Felix and Rosette know Louise and find her rather boring, and also nothing special to look at. They therefore contemplate how to break off Paul's engagement to Louise. In the middle of the night, a solution presents itself: the doorbell rings. Felix opens the door and is overcome by the beautiful form of the young lady standing in front of him. She has a flat tyre and is requesting help. While Paul reacts unhelpfully, Felix accompanies the "charming lady" to her car and acts as if to help. She is not interested and converses with her chauffeur, so he slashes the tyre and makes the flat tyre worse. Annette, the young lady, must be offered a bed for the night in Paul's house. The chauffeur sets out with Paul's housekeeper Julie on foot, to inform Annette's father what has happened.

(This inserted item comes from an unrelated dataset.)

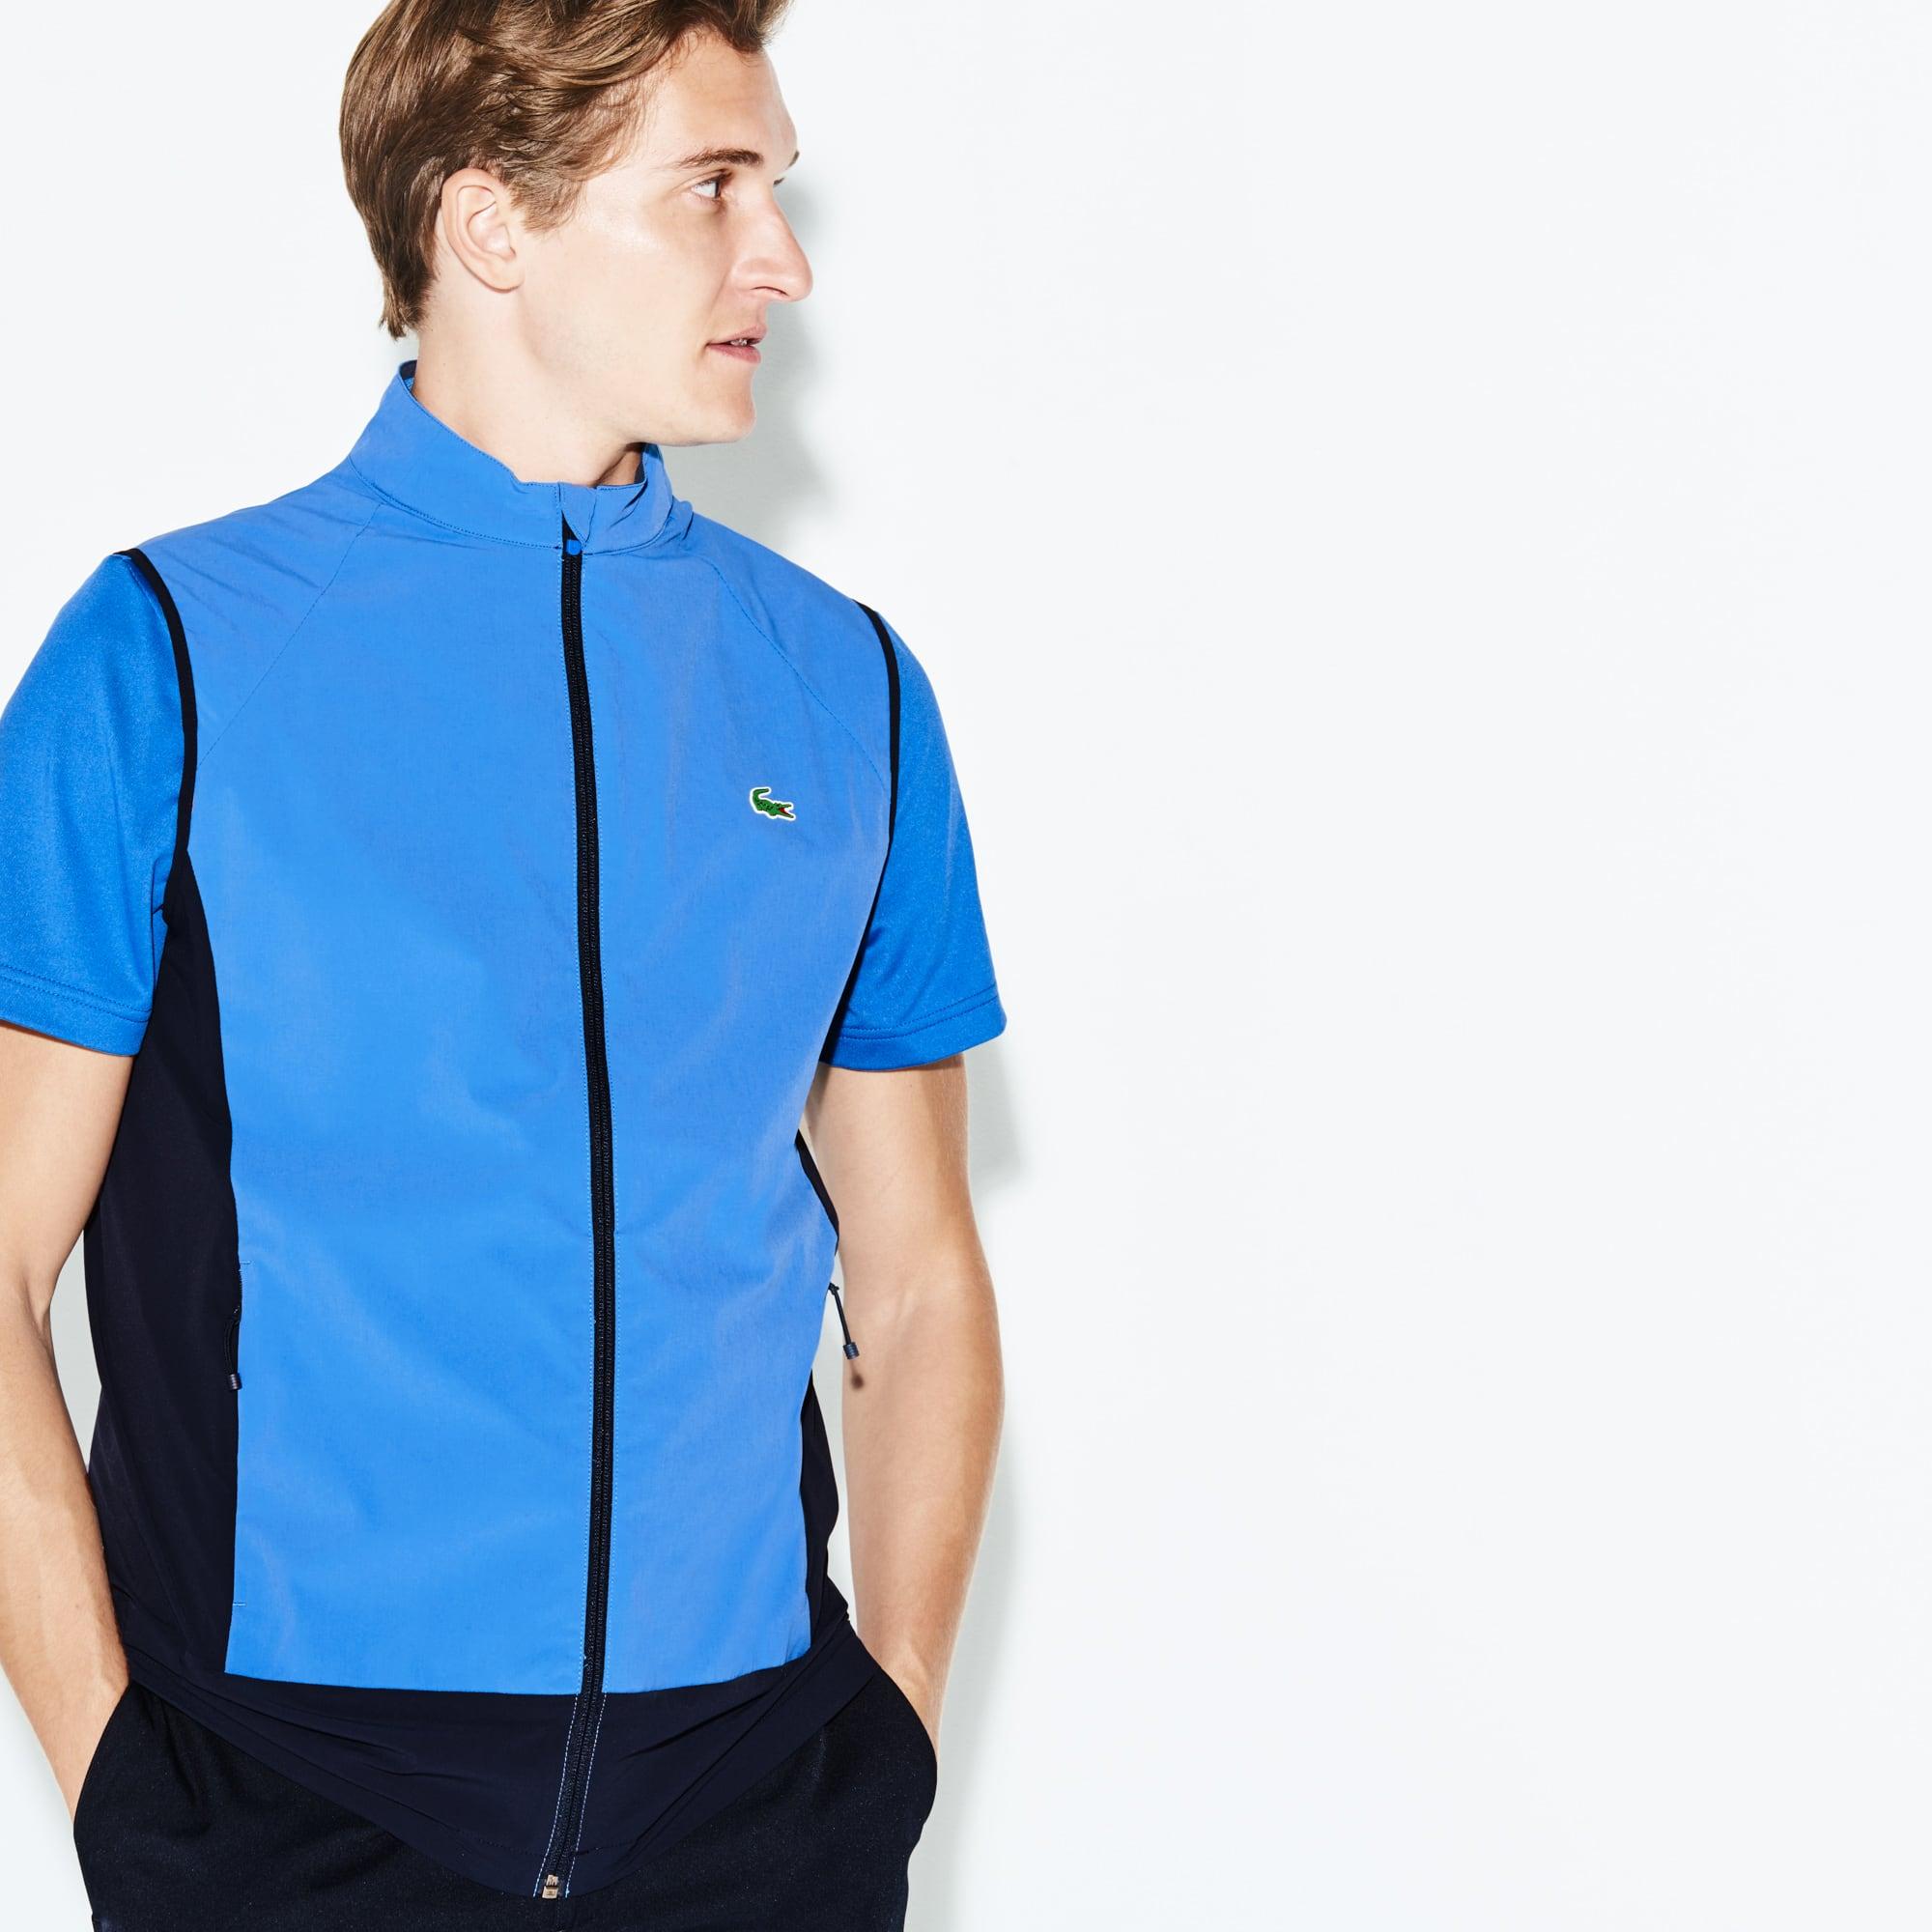 Blusão sem mangas Golf Lacoste SPORT em tafetá técnico color block
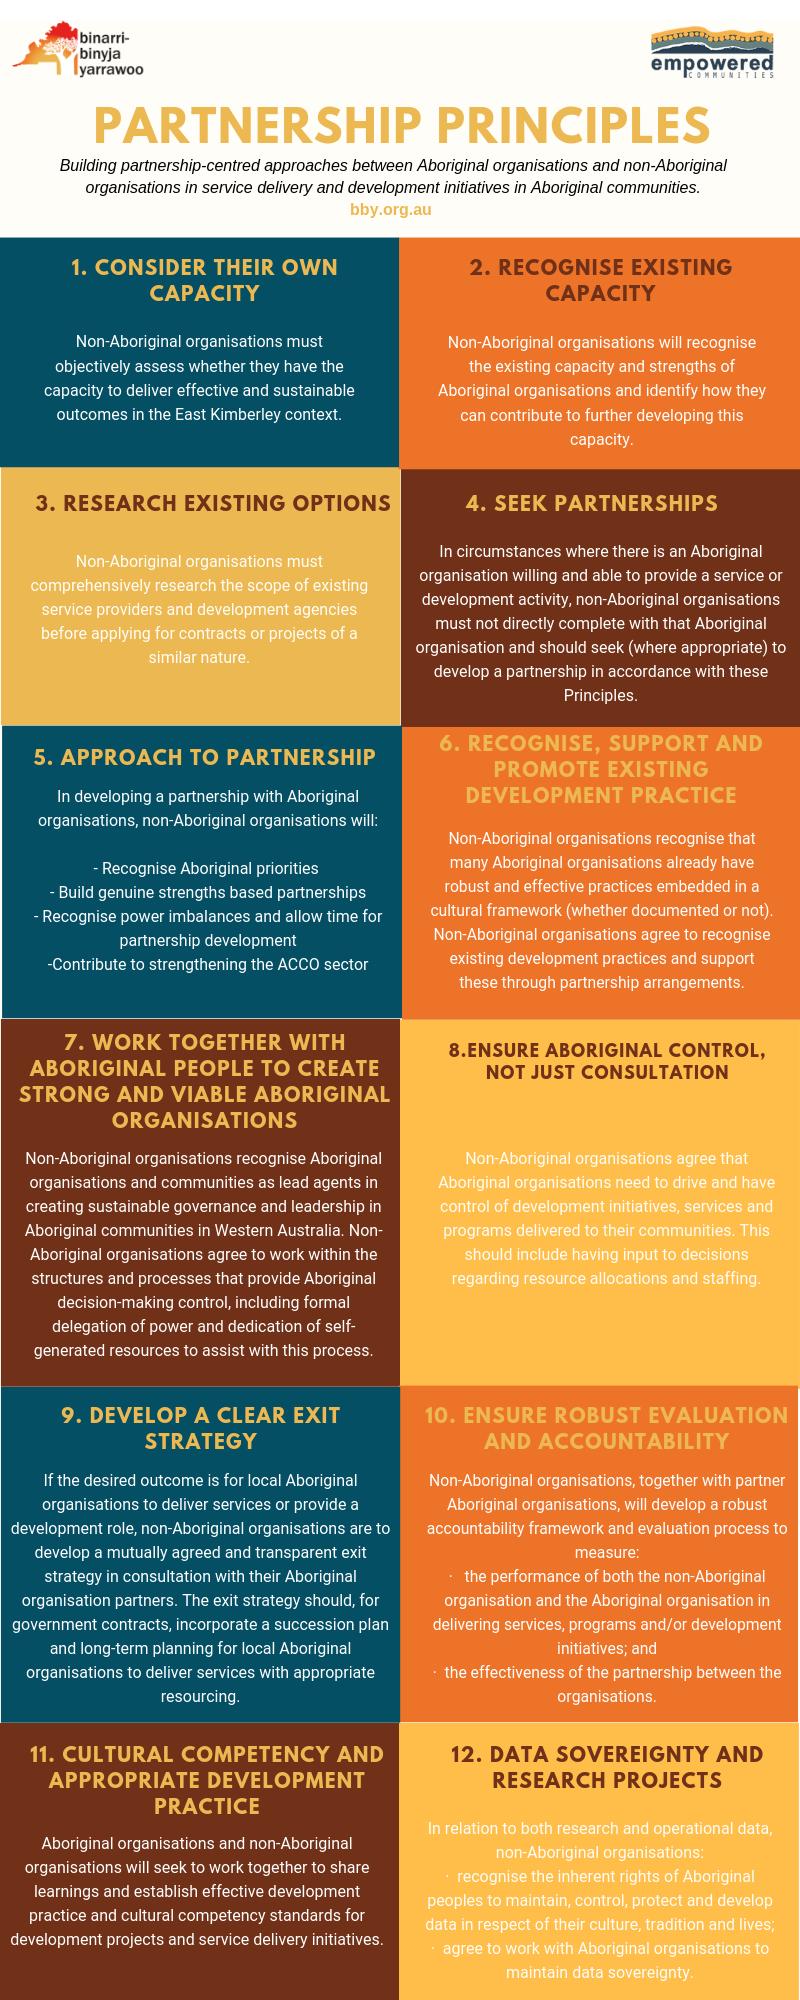 Final Partnership Principles.png

All the others go to bed.

=== Second scene ===

Setting: Living area in Paul's weekend house

A new day has started. Paul does everything he can to get rid of Annette, but the more he talks to her, the more attracted she seems to become to him. She wants to wait in peace until she is picked up by her father, the prosperous "Chocolate King". When the doorbell rings, Paul hopes she will immediately be gone; instead of Annette's father, Paul's boss and his daughter Louise enter the house. They are both outraged to find an unknown woman there in a negligee, and leave the house within minutes. Paul is totally bemused, while Felix is quite satisfied with the proceedings. This doesn't last, as the "Chocolate King" enters, but not alone, rather with Annette's fiancé Hektor in tow. Annette awaits accusations and blame, but Hektor appears quite relaxed — no word of reproach passes his lips. Now Annette is angry; she can't stand Hektor's passivity and ends the engagement on the spot. Felix's plan appears to be working.

=== Third scene ===

Setting: Office in the Ministry

Felix has arranged for Annette to visit Paul during his lunch break in his office. Paul, shy to a fault, doesn't know how to deal with the situation. Annette kisses Paul just as Paul's boss enters the room. The boss is furious, having depended on Paul as a right-hand man for many years and hoping to welcome him as a son-in-law. Paul realises that Felix is behind the situation. While just a moment before, he wasn't sure whether he should perhaps court Annette, now it is clear: Annette must be removed from his life.

=== Fourth scene ===

Setting: By a river

While entertaining thoughts of the "charming lady", Paul is also beset by an urge to throw himself into the river and end his life. Suddenly he notices a woman in a simple dress, the uniform of the Salvation Army, approaching him. As she nears him, he realises it is Annette. His heart beats wildly. Annette offers that for him, she would sacrifice all her riches. Paul abandons his morose thoughts and takes her in his arms. Two men are watching, concealed: the "chocolate king" and Felix; they have successfully pulled the necessary strings to reach the happy ending.

==Musical highlights==
Paul's Song "Ach Louise, kein Mädchen ist wie diese!" ("Ah Louise, unlike any other girl!")

Felix' Couplet "Hokuspokus fidibus" ("Hocus Pocus of Faiths")

Paul's Song "Was hast du schon davon, wenn ich dich liebe?" ("What is it to you, if I'm in love?")

Annette and Paul, tango, "Sie kommen zum Tee!" ("They're coming to tea!")

Annette's father, Felix, Chauffeur, Paul, Annette "Bezauberndes Fräulein / Ja, was ist denn heute los mit mir?“ ("Charming lady / Yes, what's wrong with me today?")

== Film adaptations ==

The musical comedy was filmed in 1953 under the direction of Georg Thomalla. The director played the male lead himself. Other cast members included Ingrid Andree, Herta Staal, Gisela Fackeldey and Karl Schönböck. A 1977 TV film was directed by Erich Neureuther.